It's already making strides in health with some global dealmaking. PepsiCo in September became the No. 1 juice and dairy company in Russia when it completed its $3.8 billion purchase of Wimm-Bill-Dann. And it has many more healthy products in the pipeline.

PepsiCo is reportedly working with a German company on a new yogurt product for the United States, will introduce iron-fortified snacks in India, is developing a new fruit beverage for Latin American markets, and is trying to identify nutrient-dense staple crops in sub-Saharan Africa to locally produce snacks.

PepsiCo's profits also will get a bump from continued food inflation. Global food prices are expected to increase 4% next year, and could climb even higher on supply squeezes. Costlier food prompted the company to raise product prices, which helped boost last quarter revenue by 13%.

Indra Nooyi, PepsiCo chief executive officer, said the pricing adjustments ,as well as increased consumer demand, led to well-balanced top-line and bottom-line growth last quarter.

The company reported revenue of $64.5 billion in the last trailing 12 months and gross profits of $31.2 billion. PepsiCo has been steadily increasing earnings for five straight quarters, with an average 1.7% increase in net income and 26.2% revenue growth. Revenue in the third quarter ended Sept. 30 rose 13.3% to $17.6 billion.
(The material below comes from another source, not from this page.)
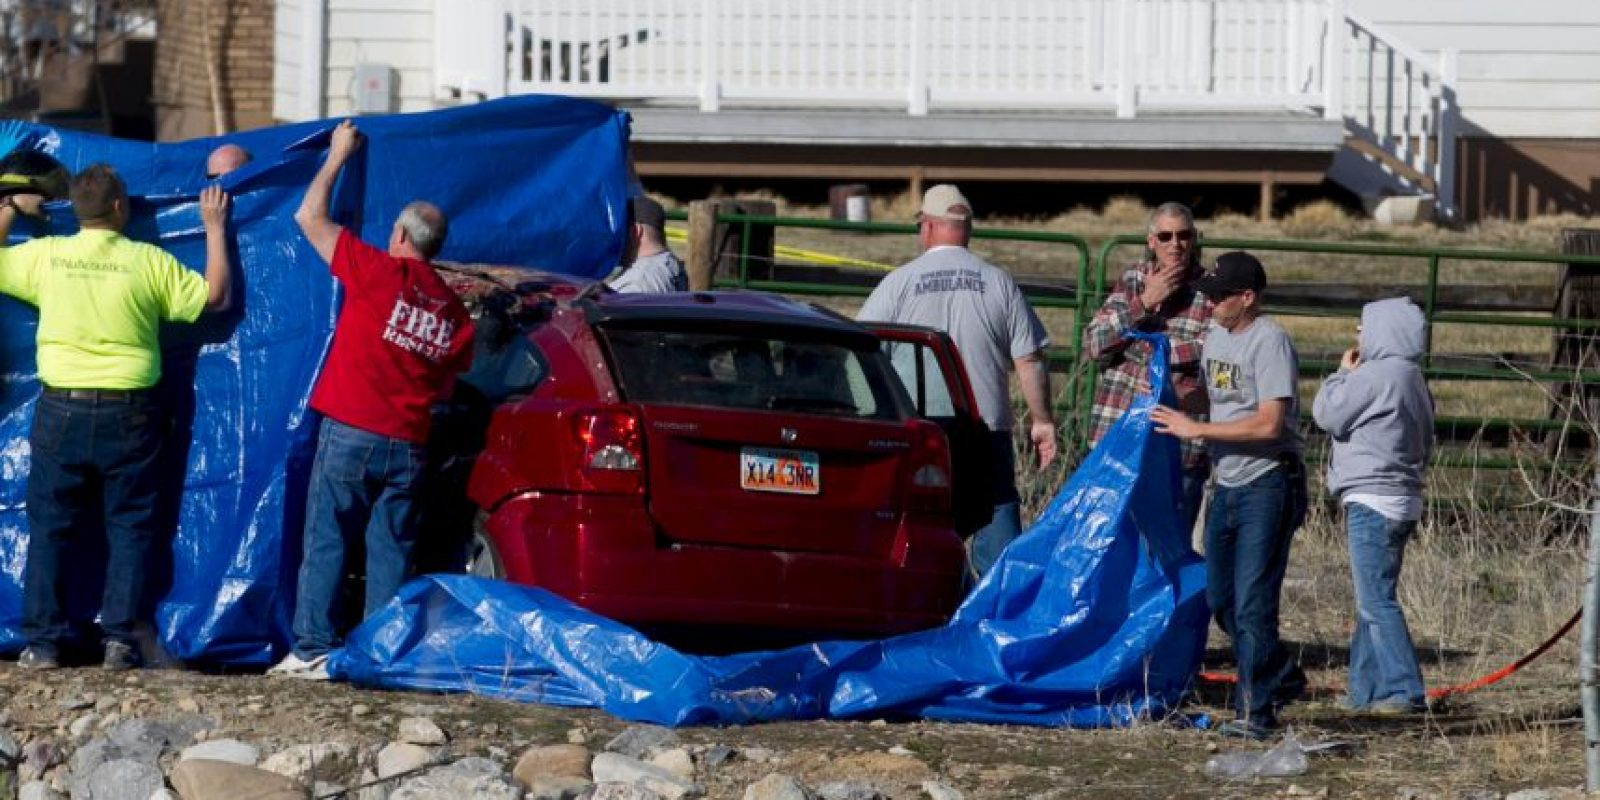 Autoridades aseguran haber escuchado a una mujer pedir auxilio Foto:AP

Pepsi has a market capitalization of about $100 billion, and an enterprise value of more than $121 billion once net debt and cash levels are considered. The company's 3.2% dividend yield makes it one of the higher yielding defensive megacaps.

Analysts give it an average price target of $70.17, a 9.9% premium to Friday's $63.85 closing price.

Action to Take: Buy PepsiCo Inc. (NYSE: PEP) (**).

PepsiCo Inc. is a strong defensive play with steady and stable growth and dividend yield. It provides investors with a place to park low-risk capital.

The stock has had a tight trading range in the last year. It is extremely liquid and has a liquid options market.

Let's buy our exposure while the market is weak overall, but use the market to help average into this one. If you want to invest 3% of your low-risk portfolio, let's buy 2% at market now.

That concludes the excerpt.